Swara Pendidikan (Sawangan, Depok) – Suasana hangat terasa di banyak sekolah pada Selasa (25/11/2025). Senyum para siswa, ucapan selamat, hingga ungkapan terima kasih sederhana menjadi warna dalam peringatan Hari Guru Nasional (HGN) ke-80. Begitu pula di SDN Duren Seribu (Duser) 03, Bojongsari.
Di antara hiruk-pikuk ucapan selamat dari siswa, seorang guru yang dikenal aktif menulis buku, Muhammad Fajri, memilih momen HGN untuk merenung. Baginya, perayaan Hari Guru bukan sekadar simbol, melainkan ajakan untuk kembali memahami hakikat seorang pendidik.
“Setiap 25 November kita bukan hanya merayakan, tetapi mengingat kembali sejarah mengapa hari itu ditetapkan sebagai Hari Guru,” kata M. Fajri saat ditemui di ruang perpustakaan sekolah, Selasa (25/11/2025).
Fajri kemudian menuturkan perjalanan organisasi profesi guru di Indonesia. Dahulu, Persatuan Guru Indonesia (PGI) sempat mengalami beberapa perubahan nama sebelum akhirnya kembali menjadi PGRI seperti yang dikenal saat ini. Perjalanan itu, katanya, bukan sekadar pergantian identitas, tetapi rekam jejak perjuangan panjang para pendidik.
“Sejarah itu menunjukkan betapa besarnya perjuangan para guru untuk memperjuangkan posisi dan perannya di dunia pendidikan. Kuncinya adalah perjuangan—bagaimana mewadahi peran guru agar benar-benar dihargai. Tanpa guru, pendidikan tidak akan berjalan,” tuturnya.
Fajri menegaskan, kurikulum dan fasilitas sekolah yang lengkap tidak akan berarti tanpa keberadaan guru. “Kurikulum itu penting, sekolah itu penting. Tapi tanpa guru, keduanya tidak bisa berjalan,” katanya.
Dia lalu mengungkapkan contoh sederhana: belajar bisa tetap berlangsung meski tanpa gedung sekolah, selama masih ada guru dan siswa. Sebaliknya, ketika guru tidak hadir, siswa kehilangan arah, belajar tanpa pendampingan, dan kondisi ini berpotensi melahirkan degradasi moral.
“Anak-anak sekarang pintar secara kognitif, tapi aspek afektif, sopan santun, tata krama, karakter, tidak bisa dibangun tanpa sentuhan guru,” imbuhnya.
Di akhir wawancara, nada bicara Fajri terasa lebih lirih namun penuh harap.

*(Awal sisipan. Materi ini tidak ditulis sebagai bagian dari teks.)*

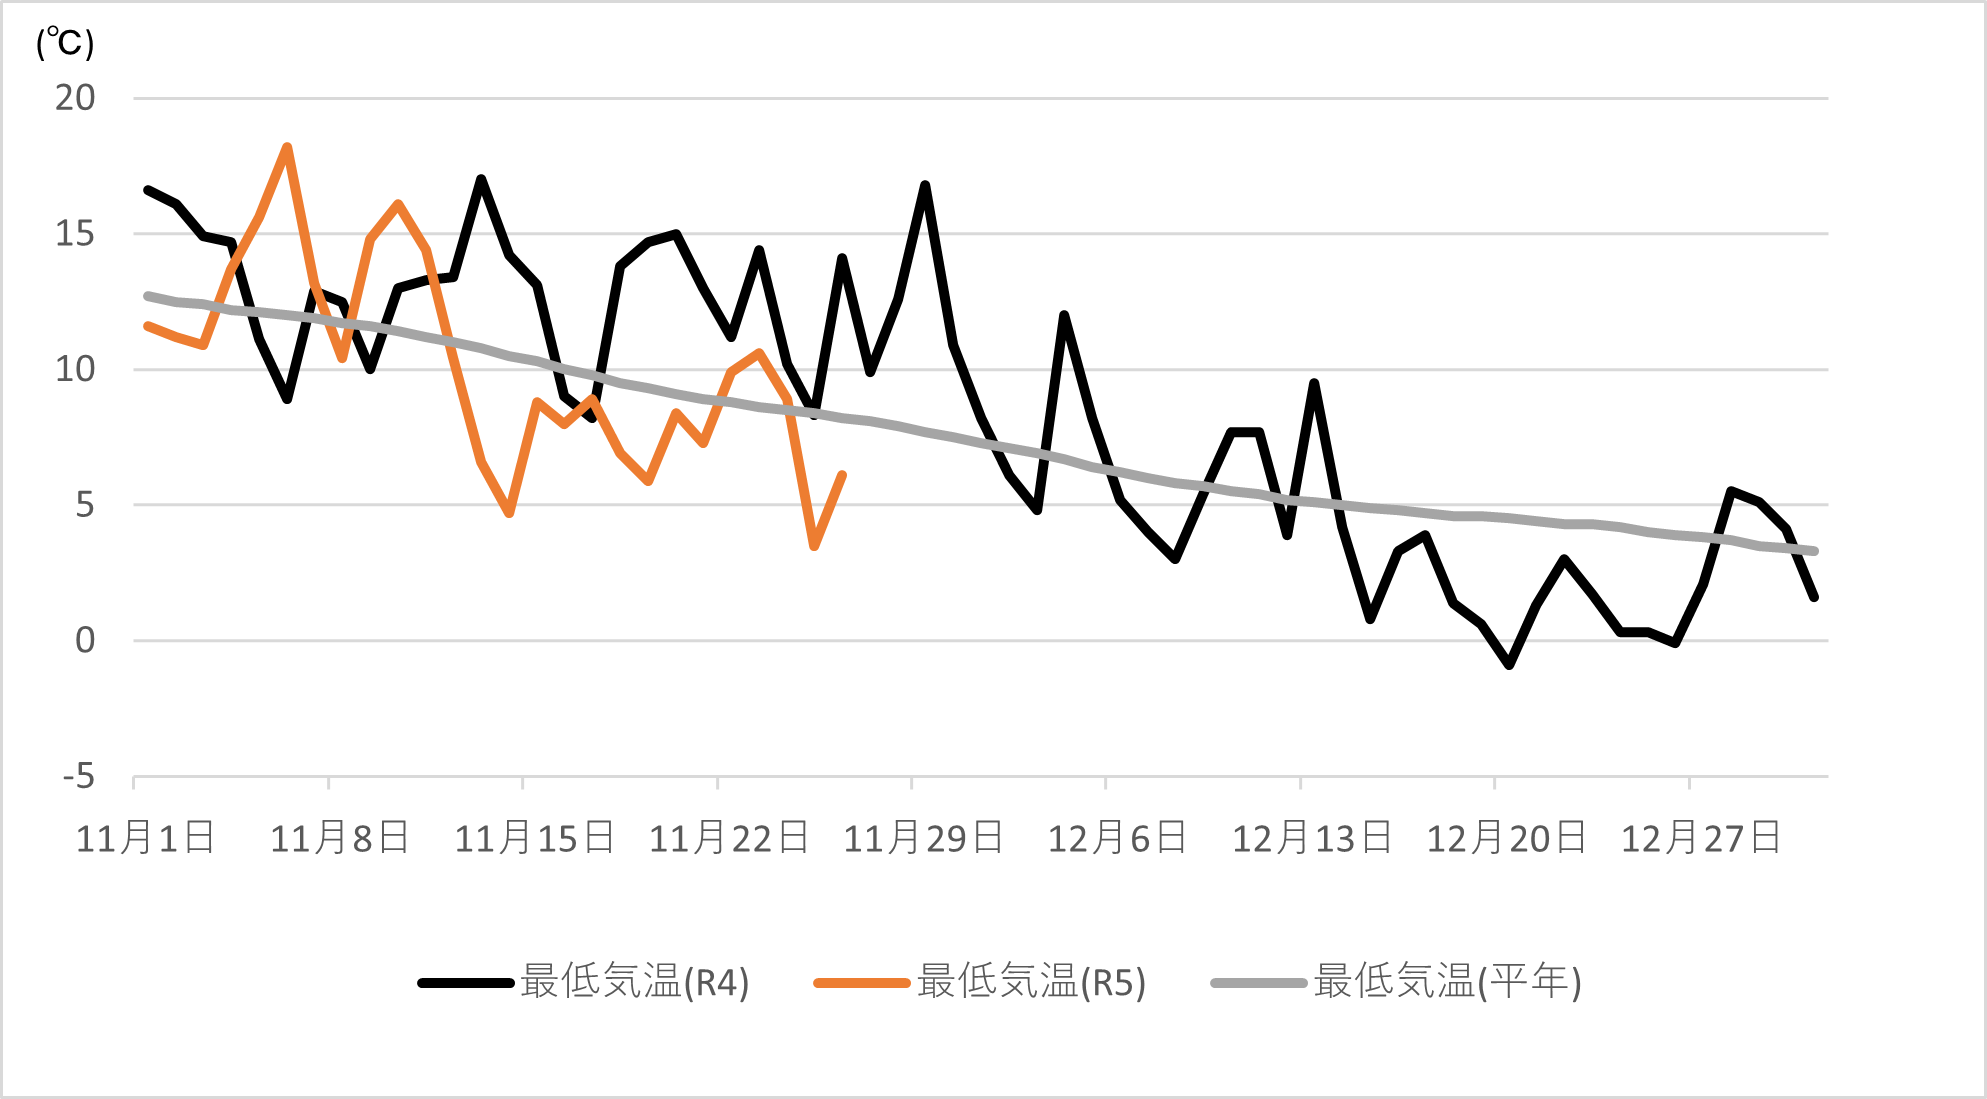 宮崎地方気象台の最低気温観測データ（平年、令和4年及び令和5年）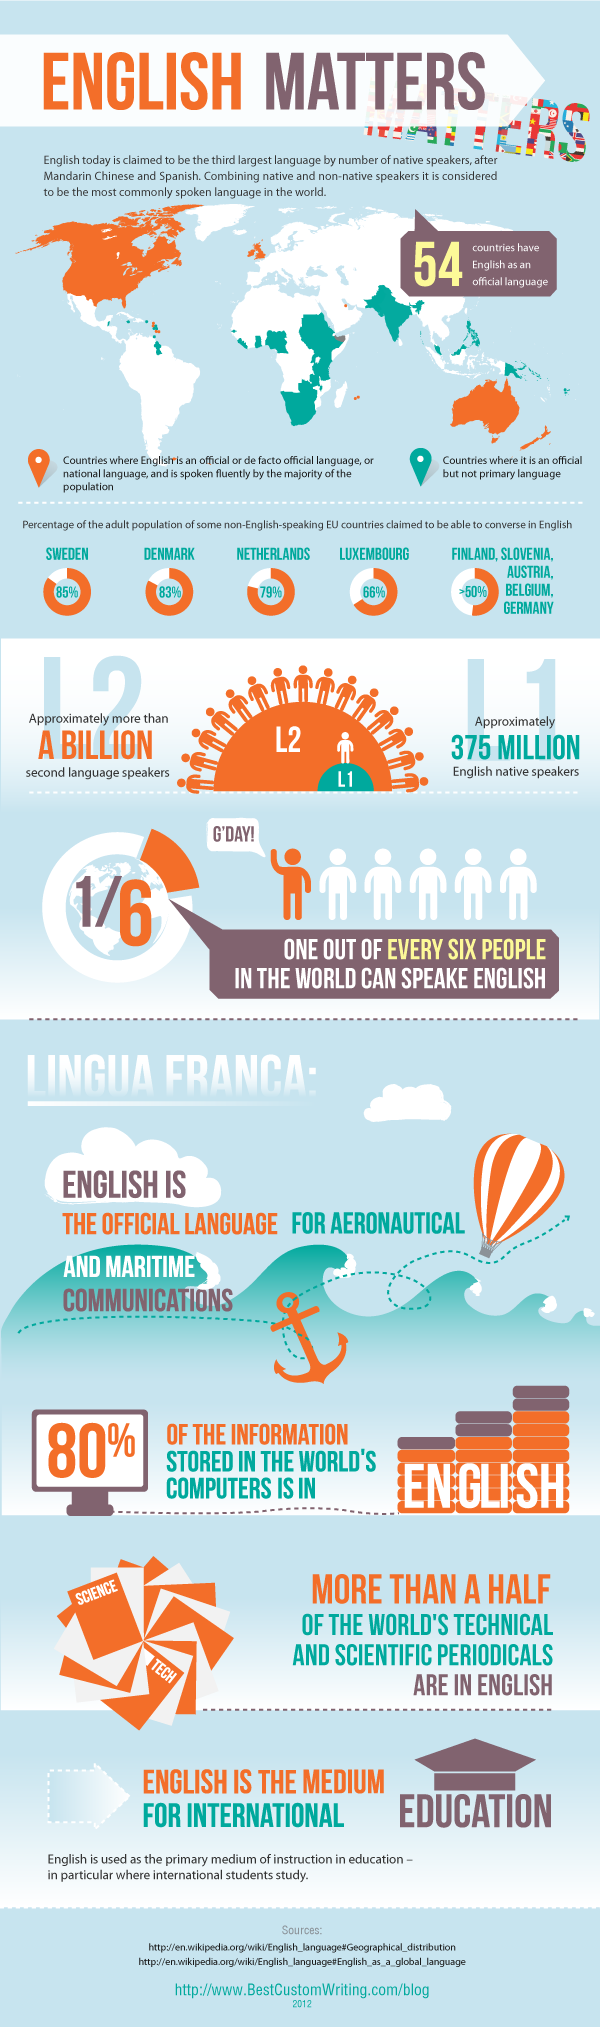 English matters, third largest language, language facts

Dia menilai bahwa menjadi guru adalah bagian dari kontribusi besar bagi bangsa, sebuah amanah yang diwariskan sejak masa para pendiri negeri.
“Alhamdulillah, kita masih diberi kesempatan untuk memberikan kontribusi bagi cita-cita para founding fathers. Mari bergotong royong membangun bangsa, terutama melalui pendidikan. Karena jika pendidikan suatu bangsa rusak, maka rusak pula bangsa itu,” ucapnya.
Di Hari Guru Nasional yang ke-80 ini, pesan Fajri menjadi pengingat: guru bukan hanya sosok yang mengajar di depan kelas, tetapi pilar yang membentuk karakter generasi masa depan. Sebuah peran yang tak dapat digantikan teknologi, dan tak akan lekang oleh zaman.